Town Meeting rejects digital signage article


Town Meeting rejects digital signage article
Town Meeting voters rejected Article 42 on Tuesday. (Photo/Laura Hayes)

SHREWSBURY – Shrewsbury residents rejected digital signage.

On May 21, the second day of Shrewsbury’s Annual Town Meeting, the town’s body of elected representatives rejected Article 42, which would have amended the town bylaws regarding digital signage, or “digital message boards,” in Shrewsbury.

Town Meeting required a standing vote to decide Article 42’s fate. Ultimately, 113 residents voted for the article, while 58 rejected it. The article needed a supermajority (two-thirds) to support the project in order for it to pass.

Throughout Town Meeting, residents argued that more digital signage would impact the “quaint nature” of the town, with some fearing that Shrewsbury streets could become too bright. Other voters wanted to see more specific restrictions on the signage.

Under the current bylaws, digital signage is allowed only in the Town Center district. The updated language in Article 42 allowed for nearly town-wide digital signage, with certain exemptions for certain districts, such as single-family residential communities.

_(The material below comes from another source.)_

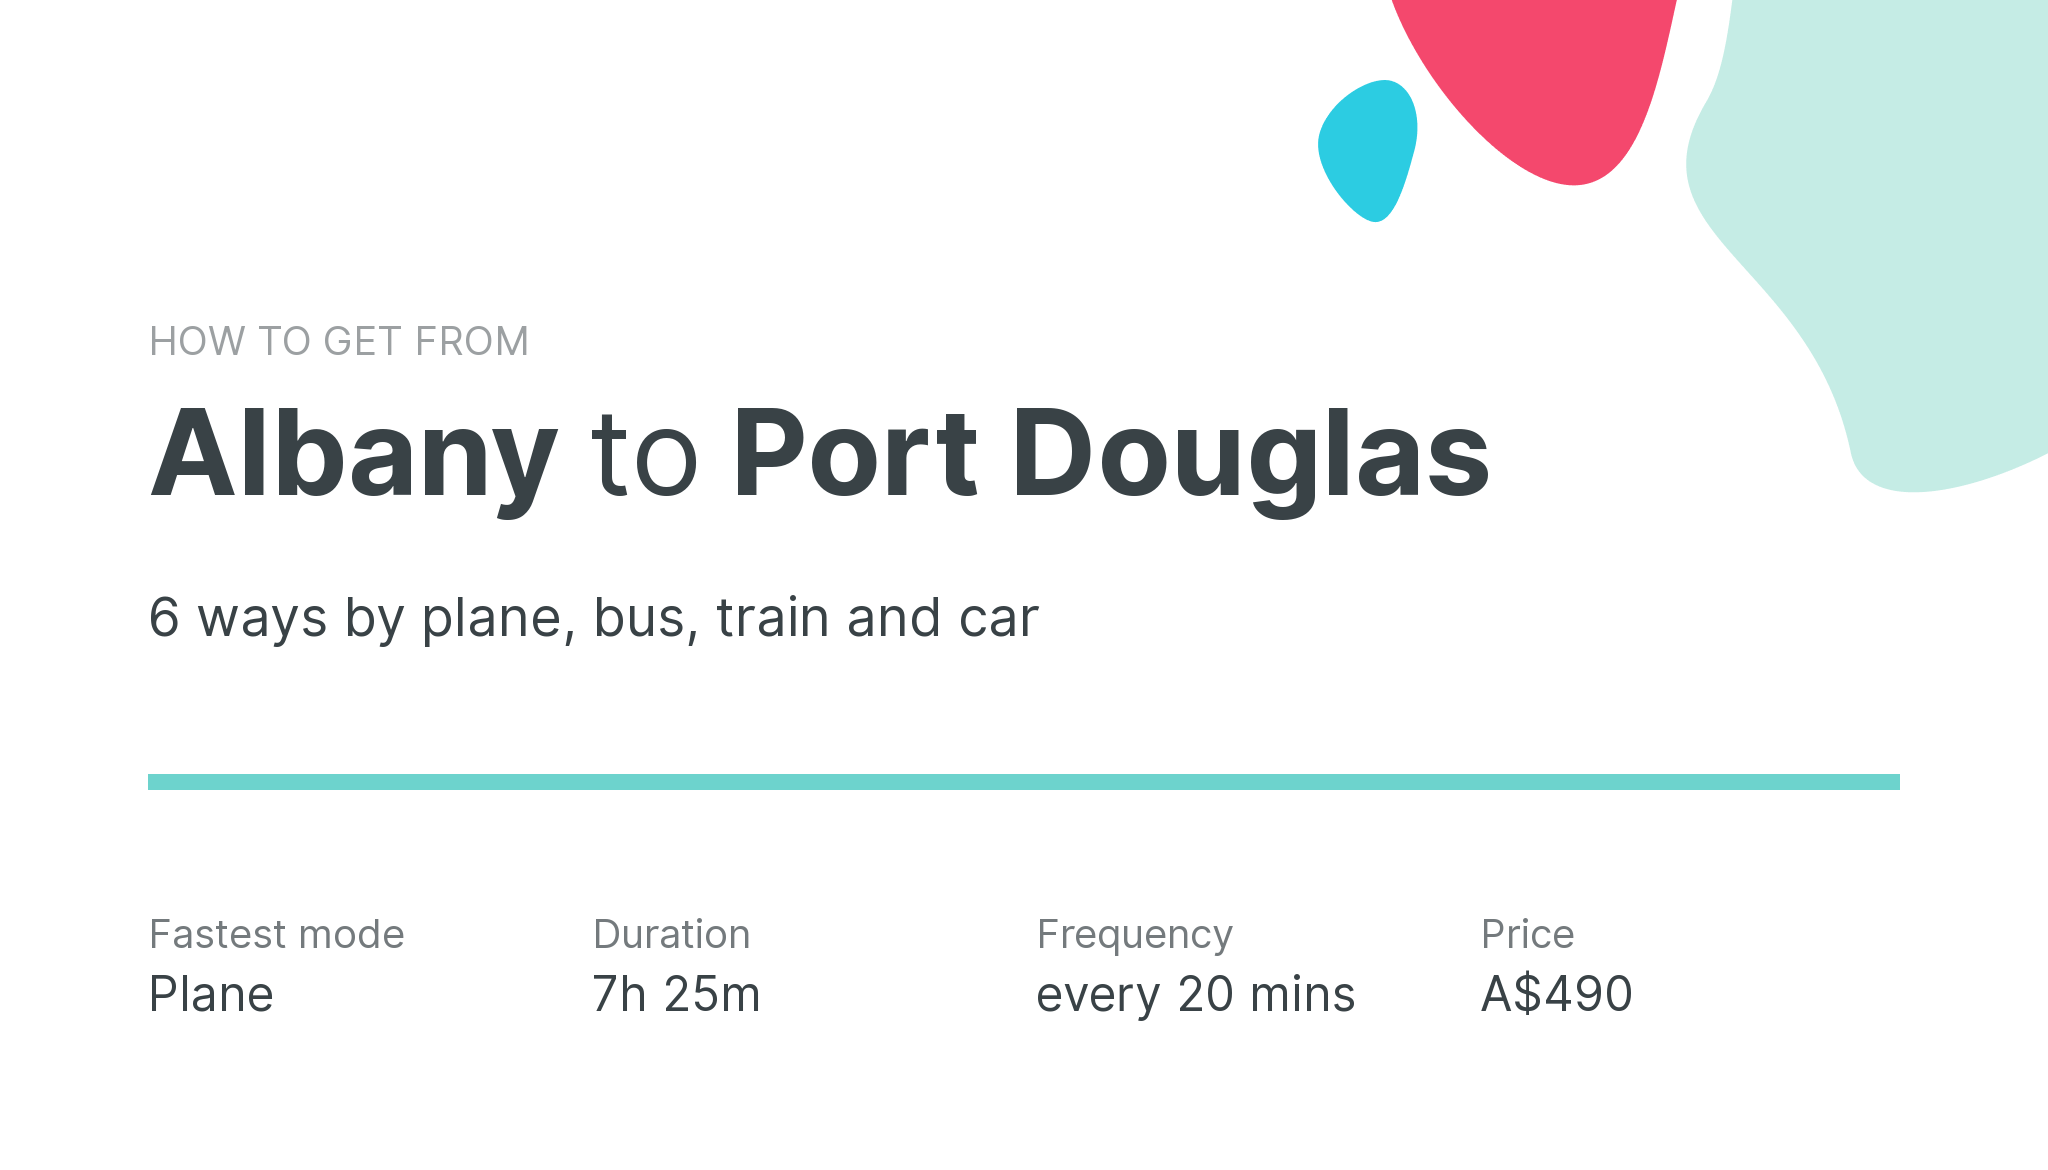 How do I get from Albany to Port Douglas

“The proposed language includes specific design standards… It’s important to know that this would not be permitted in single-family residential areas. It would primarily be looking at commercial areas and multifamily residential areas,” Director of Planning and Economic Development Christopher McGoldrick said on May 10.

Article 42 would have allowed the Planning Board to approve the digital signage and the frequency the signage could change (hourly and daily). Only one digital sign would have been allowed per property provided that designs did not change more than hourly and did not include flashing or moving lights.

Town Meeting members feared traffic might have been impacted by the signs. Article 42 said that the signs could not be bright enough that they “impair the vision or endanger the safety and welfare of any pedestrian.” The digital signs could not have included any “movement, animation, audio, video, pyrotechnics, or other special effects.”

Article 42 allowed message boards to advertise only services or goods available on the property, and signs must not have been illuminated 30 minutes before opening or after closing. The article also covered digital displays visible through business windows, and contained special provisions for municipally-owned buildings.

The bylaw change had been asked for by local businesses, McGoldrick said in the months leading up to the meeting. In other meetings, Planning Board members – who unanimously recommended the changes – said that digital signage was a way to “modernize” the town.

“I think digital signage is the way of the future. You drive around and you see what’s on other roads – but it’s got to be regulated. Otherwise, it’s a free-for-all,” Planning Board member Stephan Rodolakis said at a May 2 meeting.